Clinton Symphony to Perform Appalachian Spring

Join us as the Clinton Symphony Orchestra kicks off their 66th season on Saturday, September 21 at 7:30 pm. The concert, entitled “From the Countryside” will take place in the Centennial Auditorium of Sterling High School in Illinois. More information about the concert may be found here. A featured piece on the concert is Aaron Copland’s Appalachian Spring. Please enjoy the following program notes:

Aaron Copland—Appalachian Spring

When Aaron Copland (1900-1990) was born at the turn of the twentieth century, the one piece of serious music considered to be “American” was written by a Czech composer. As head of the newly-founded New York Conservatory of Music, Antonín Dvorak had composed a symphony to illustrate to his students—and to America’s classical composers—how to incorporate native American influences into their compositions, so that their works were reflective of American culture rather than the European trends of Wagner and Brahms.

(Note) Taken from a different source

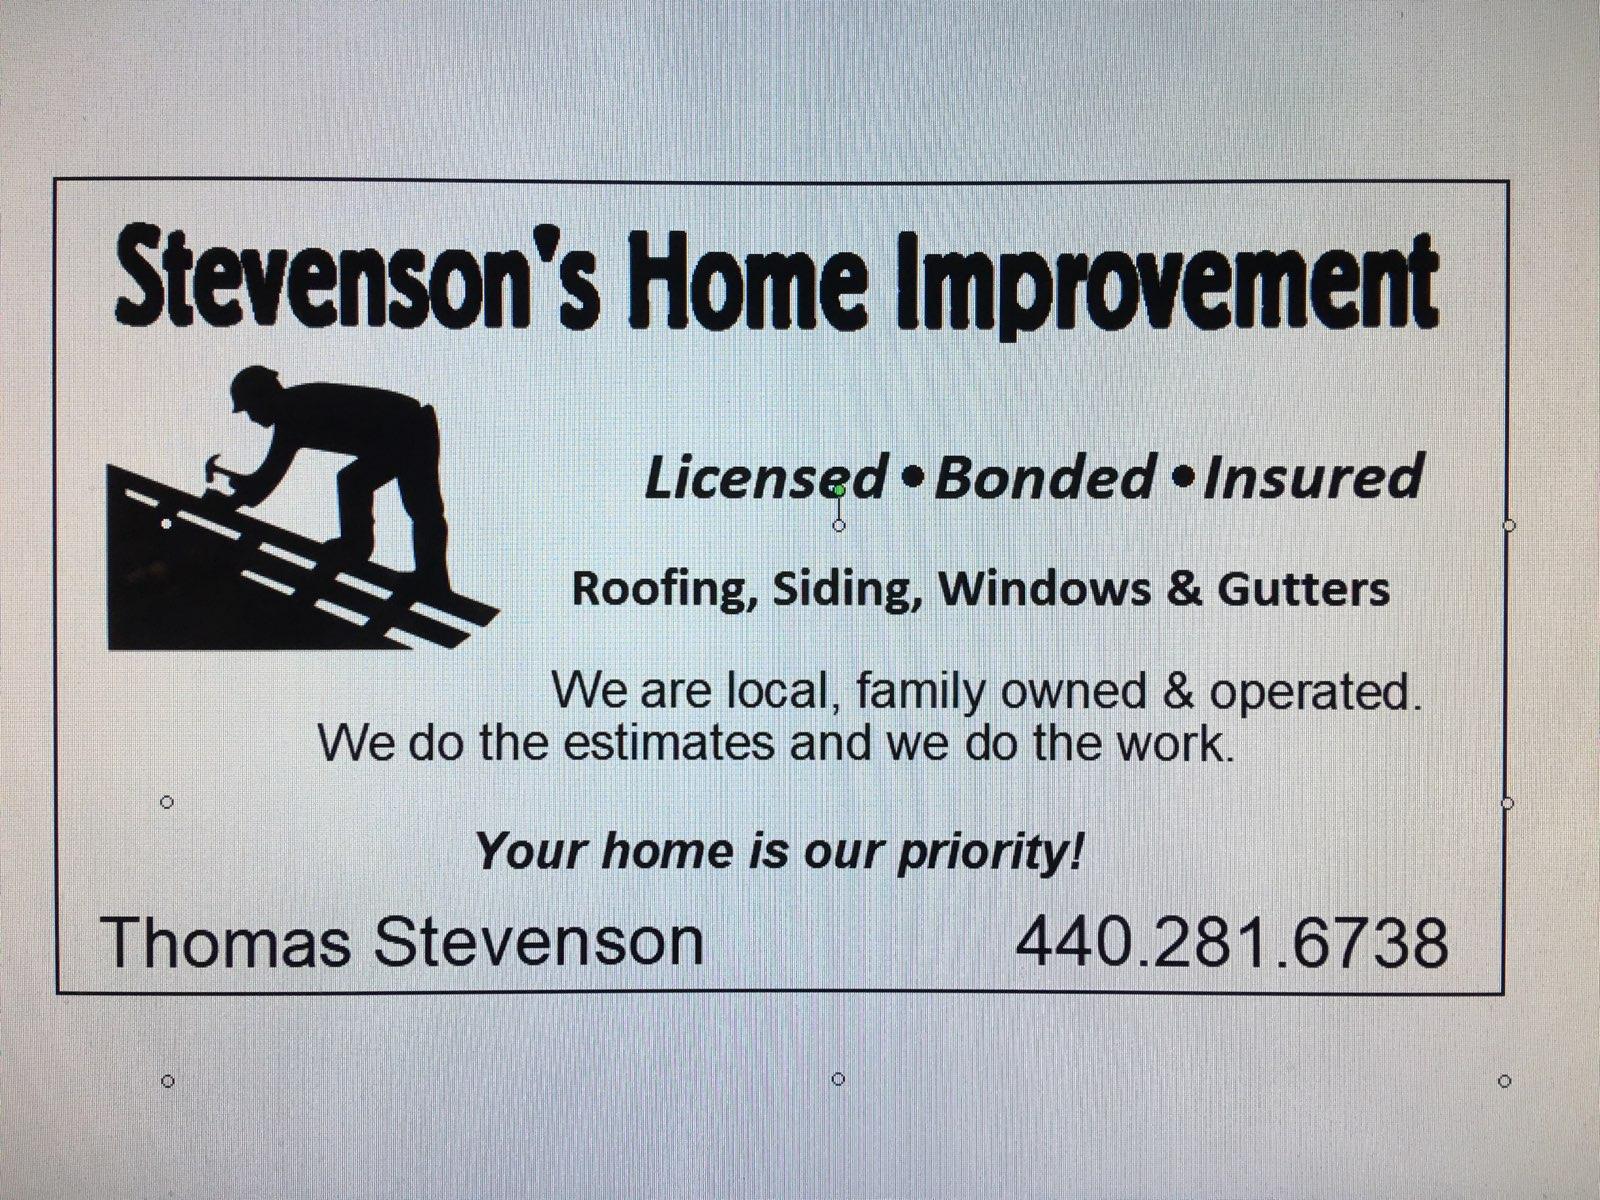 The Stevensons' Home Improvement Logo

Dvorak’s Symphony No 9 in E minor, “From the New World,” was viewed by many as incorporating slave melodies and Native American music into, particularly, the second and third movements, respectively. Sensitive to any suggestion that he might have copied verbatim from native musical sources, Dvorak vehemently denied doing so, stating that he only sought to capture the essence of the American spirit in his work. Long after his American sojourn, he explained to one music journal writer

I am sending you Kretschmar’s analysis of the Symphony [No 9], but the nonsense-that I made use of “Indian” and American motifs leave out, because it is a lie, I only sought to write in the spirit of these American folk-melodies.

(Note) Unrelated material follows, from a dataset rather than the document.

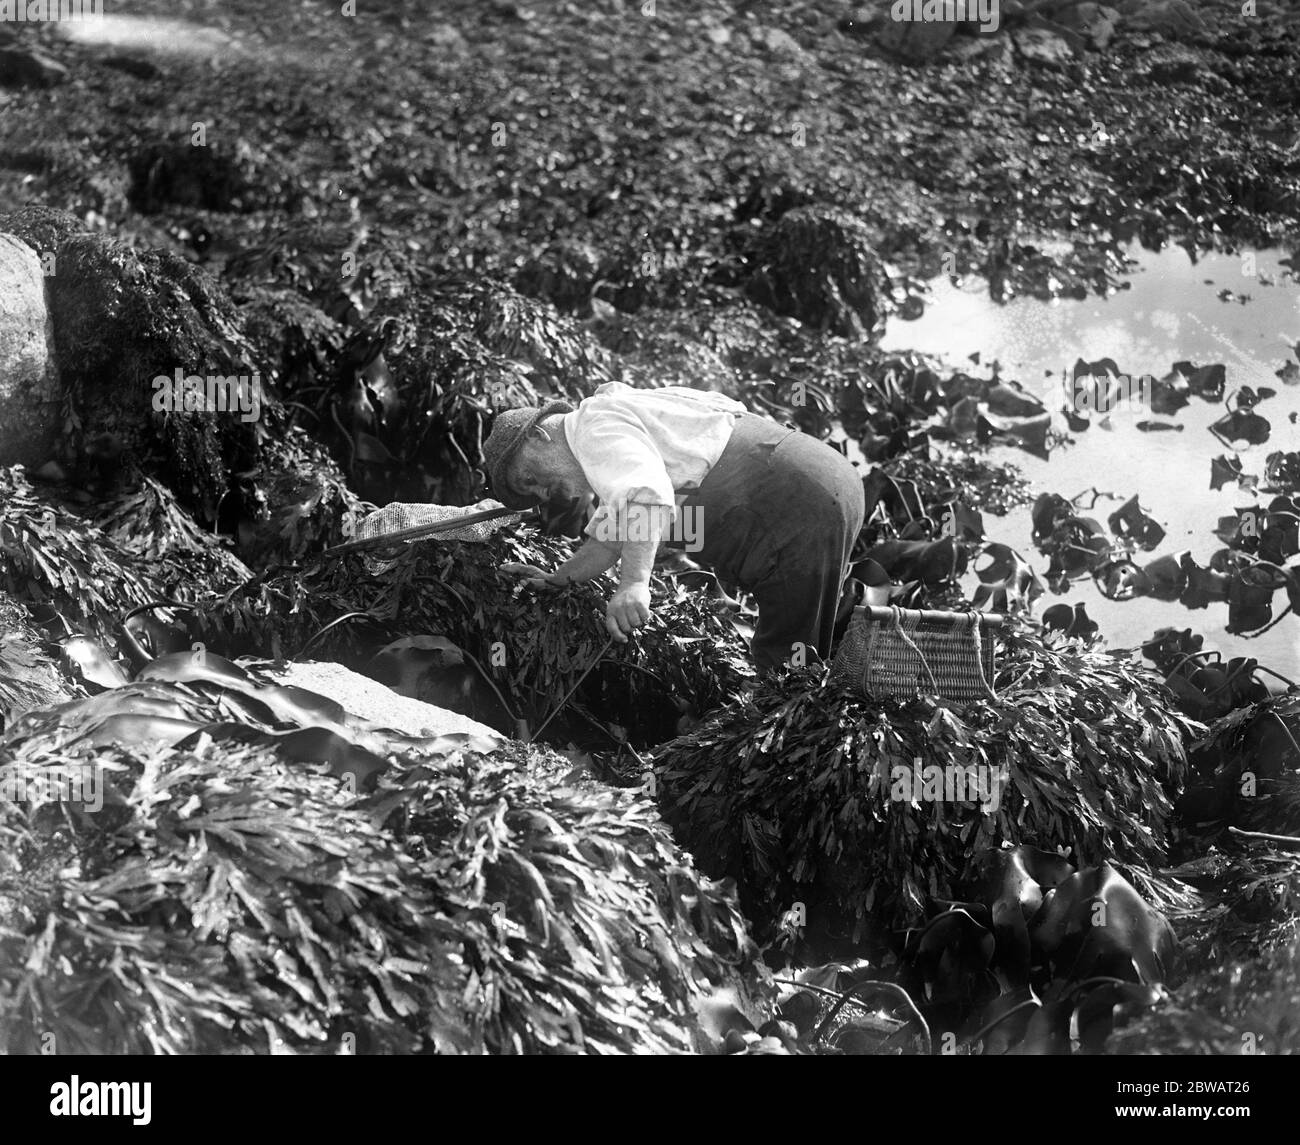 Ein Mann, der mit seinem Netz auf den Kanalinseln an der Küste nach den Urmoren oder Seeofern (Muscheln) fischt. Oktober 1920 Stockfoto

Only after World War I did American composers take seriously the task of presenting idiosyncratic American music to world audiences. The most notable instances was Broadway composer George Gershwin’s venture into classical music with his jazz-infused scores: Rhapsody in Blue (1924), Piano Concerto in F (1925), and An American in Paris (1928).

Fresh from his studies in Europe, Aaron Copland sought in his early works in the 1920s and ‘30s to fashion a music that truly embraced the singularities of a unique American tradition in subjects and tonalities. His first attempts were, like Gershwin’s, jazz-inspired, but had negligible impact in forwarding his career. However, when he turned his considerable skills to western-themed subjects, to writing in his “vernacular style”, as he put it, he struck a chord with critics and the public that brought him broad recognition. His two notable ballets of that period were Billy the Kid (1939) and Rodeo (1942), both for the Martha Graham Dance Company and funded by the Elizabeth Sprague Coolidge Foundation.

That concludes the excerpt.